LONDON (Reuters) – Investors may have ~ing forced to rethink investment strategies that center on the rosy likelihood of low inflation as key central banks look set to recommence pledges to print money in the coming week.
Outperformance of developed market assets relative to their oversubscribed emerging counterparts this year partly reflects a emotion shift for investors, who are becoming uneasy about inflation in the fast growing developing world and an as-yet muted policy response.
Price pressures are pretty increasingly observable even in developed economies. UK inflation hit an 8-month ostentatious of 3.7 percent last month, prompting investors to price in a estimate hike by mid-year.

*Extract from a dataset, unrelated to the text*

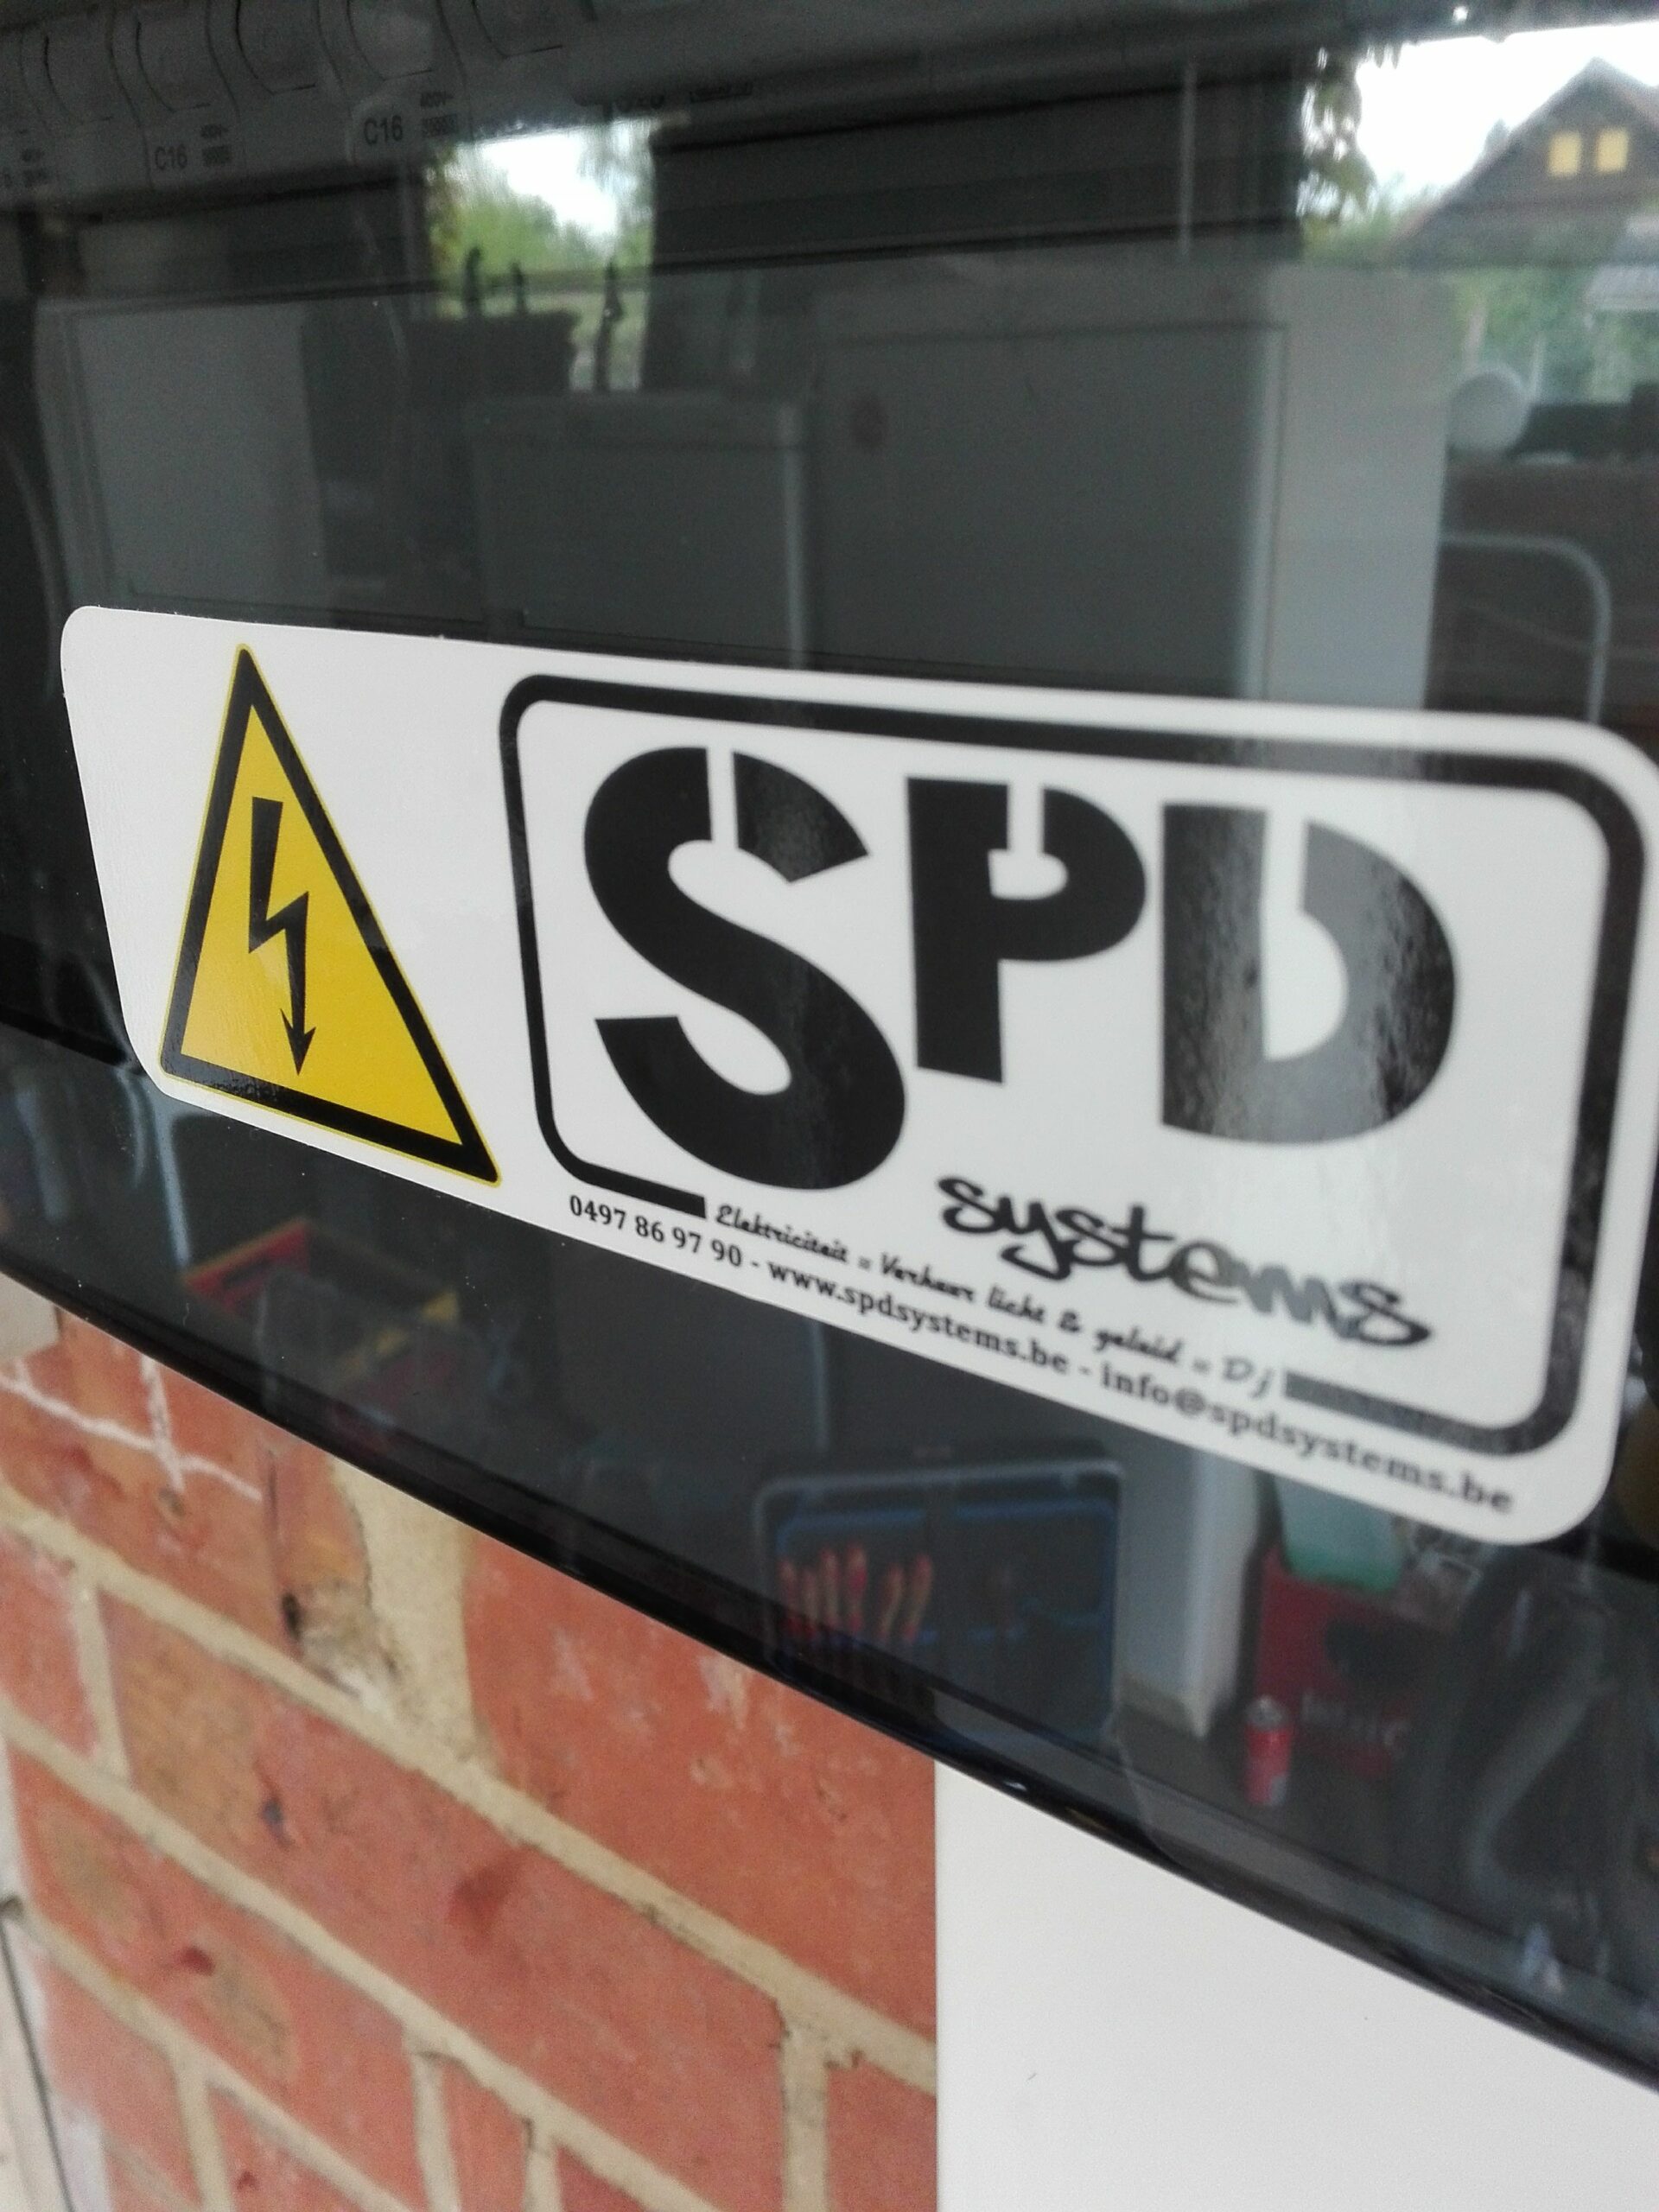 SPD Systems - Limburg
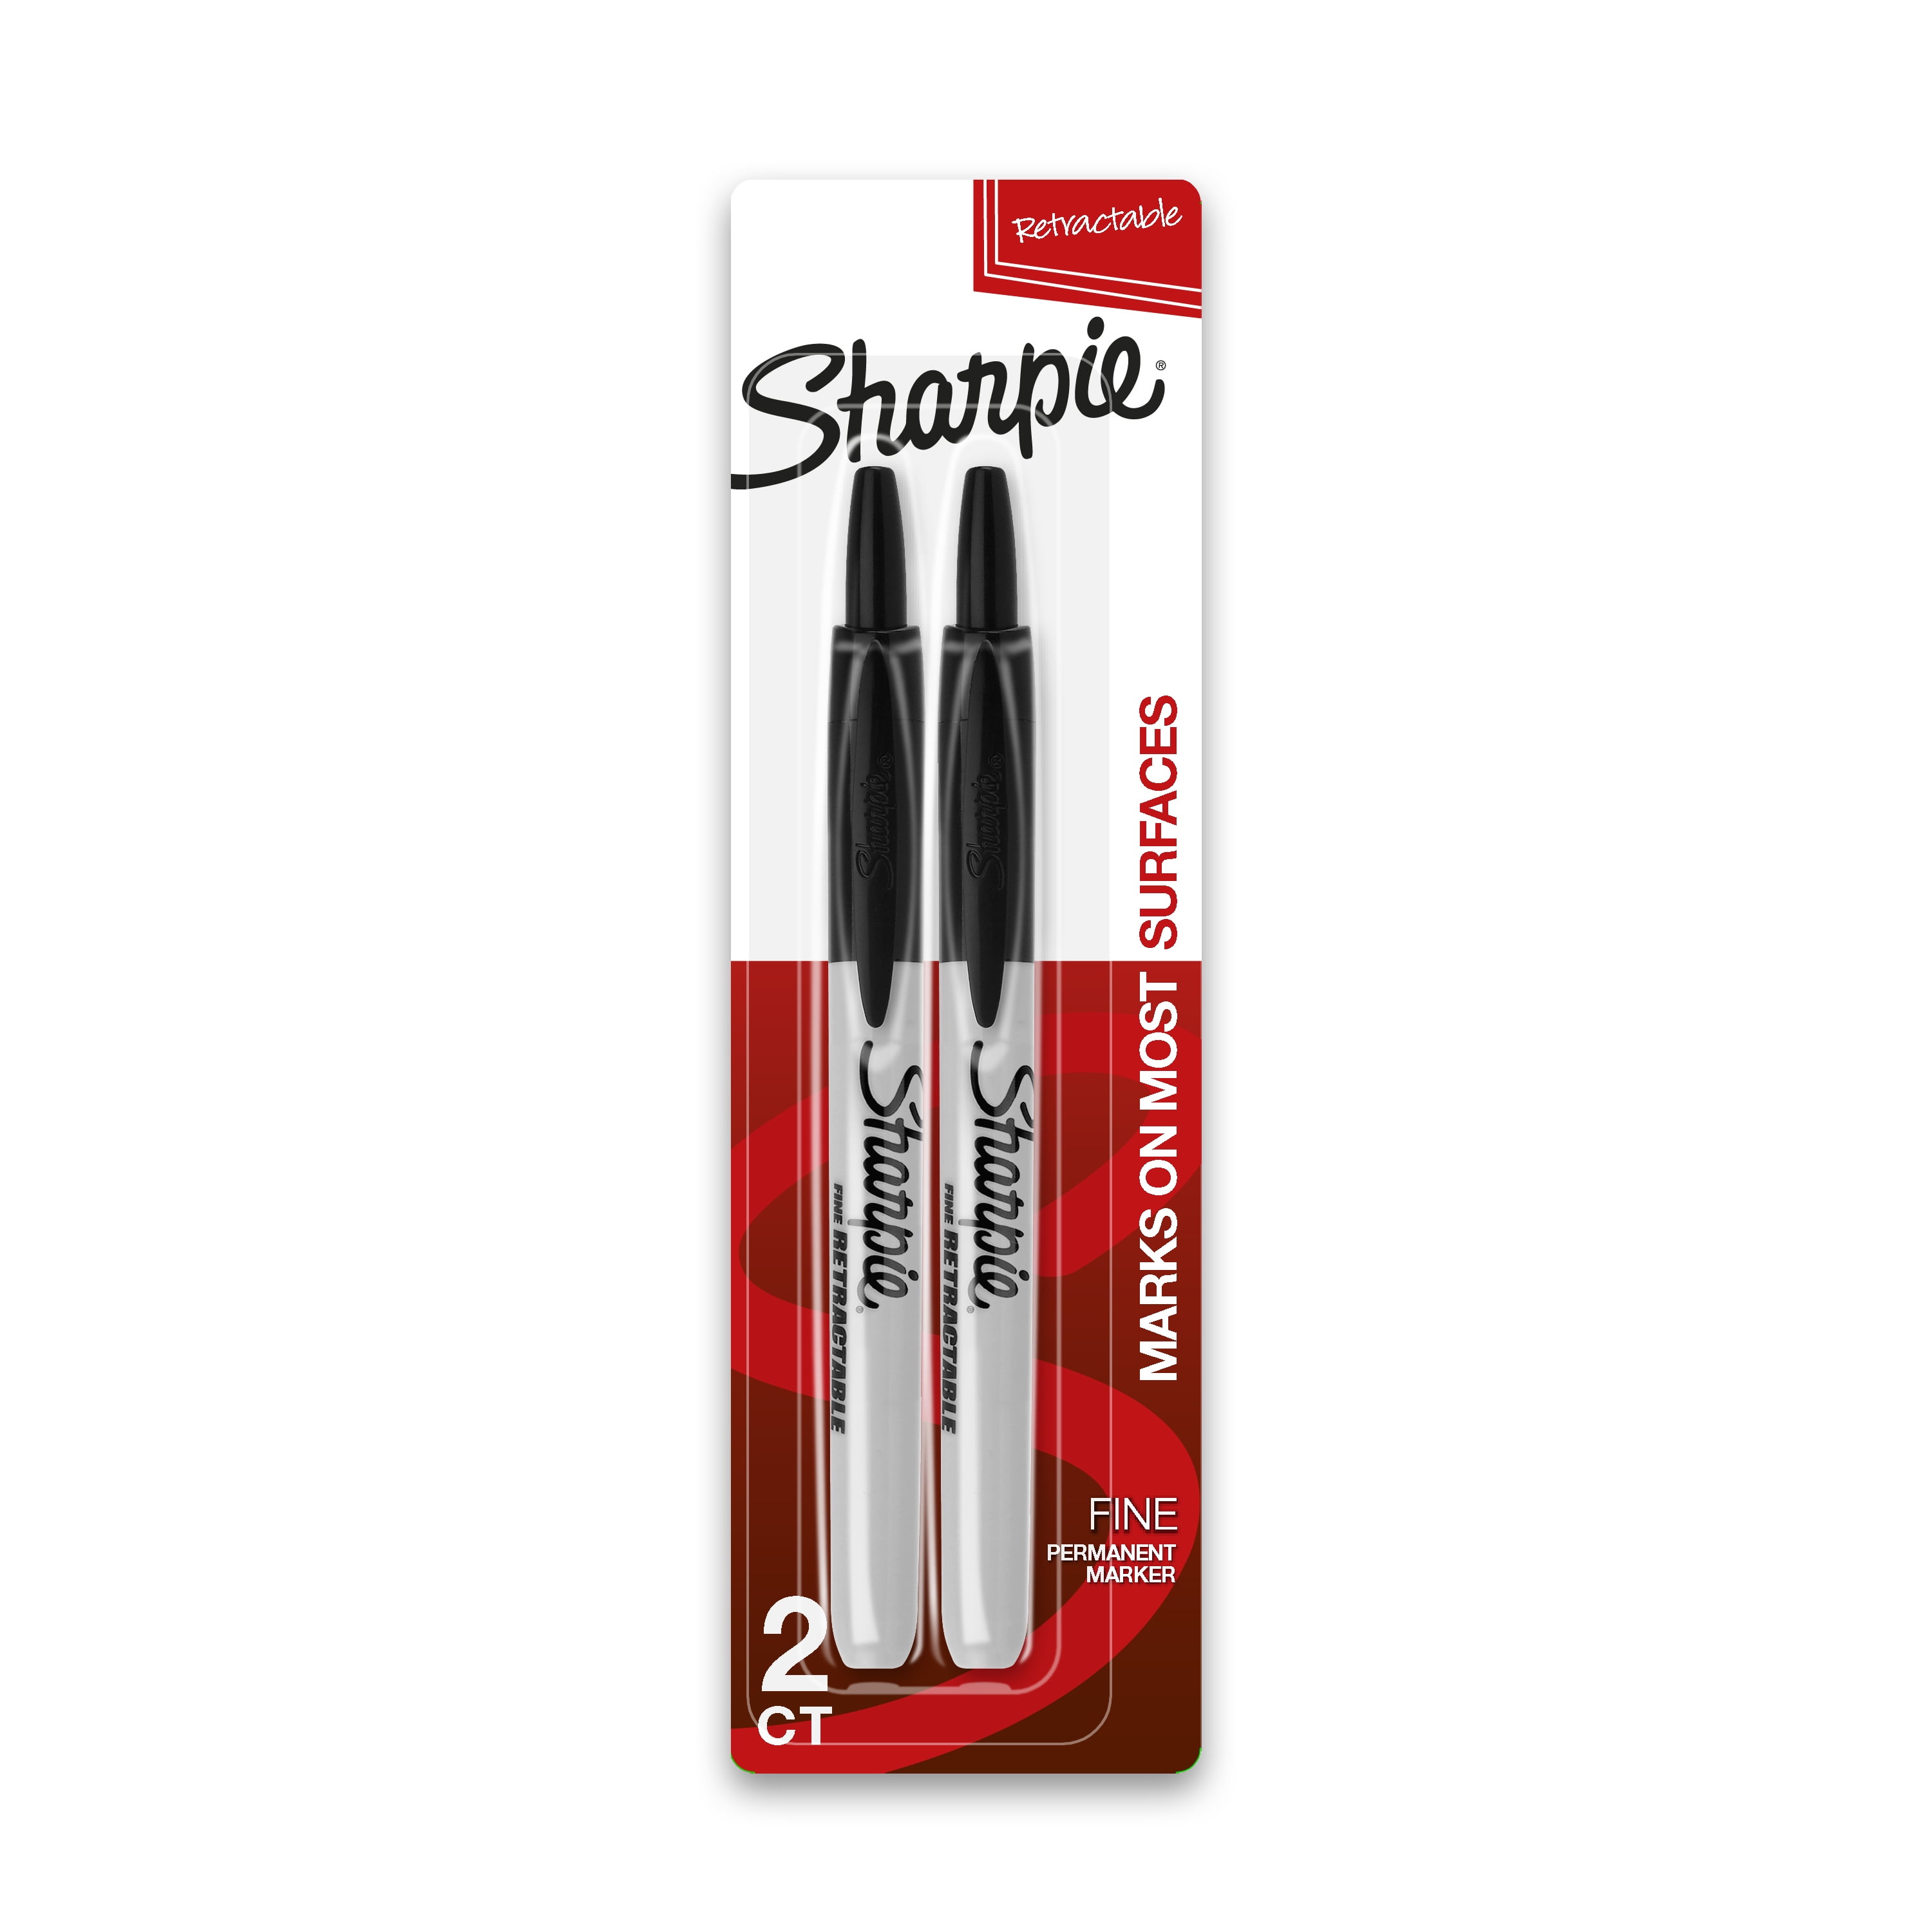  Sharpie Retractable Pen - Fine Point - Black - Pack of 2

Higher energy prices have pushed euro belt inflation to 2.2 percent, above the European Central Bank’s 2 percent target.
But there’s nothing to suggest these central banks be disposed tighten monetary conditions aggressively.
The Fed and Bank of Japan are expected to rod to their quantitative easing policies when they meet in the approach week while the Bank of England minutes are likely to reveal no change in its promise to keep its asset purchasing program in successi~ standby.
Even the ECB, whose President Jean-Claude Trichet has warned of recompense pressures, is unlikely to raise rates immediately.
However, further price pressures may object to the investor perception interest rates would remain at current low levels conducive to a foreseeable future — which could in turn hit equities.
“You dress in’t have runaway inflation expectations. No one expects the ECB to be very aggressive. With this golden period of no interest rate rises, investors wish no choice but to buy risky assets, exactly what central banks are engineering us to produce,” said Gary Baker, head of European equity strategy at BofA Merrill Lynch.
“But granting that there were anything to challenge the U.S… rates view, that may be a signal to start to get cautious without interrupti~ positions.”
A net 72 percent of fund managers polled ~ the agency of BofA Merrill Lynch this month expected higher inflation in the nearest 12 months, the highest reading in almost 5 years.
At the same time, they have pushed back expectations for the first Federal Reserve duty rise well into 2012.
DM SURPRISE
World stocks on a MSCI rule have risen more than 1 percent so far this year, adding to their get more of 10 percent last year. Their emerging market counterparts lost 1.3 percent, having risen 16 percent in 2010.
The emerging MSCI characteristic was on track for its biggest weekly drop in nearly brace months in the past week.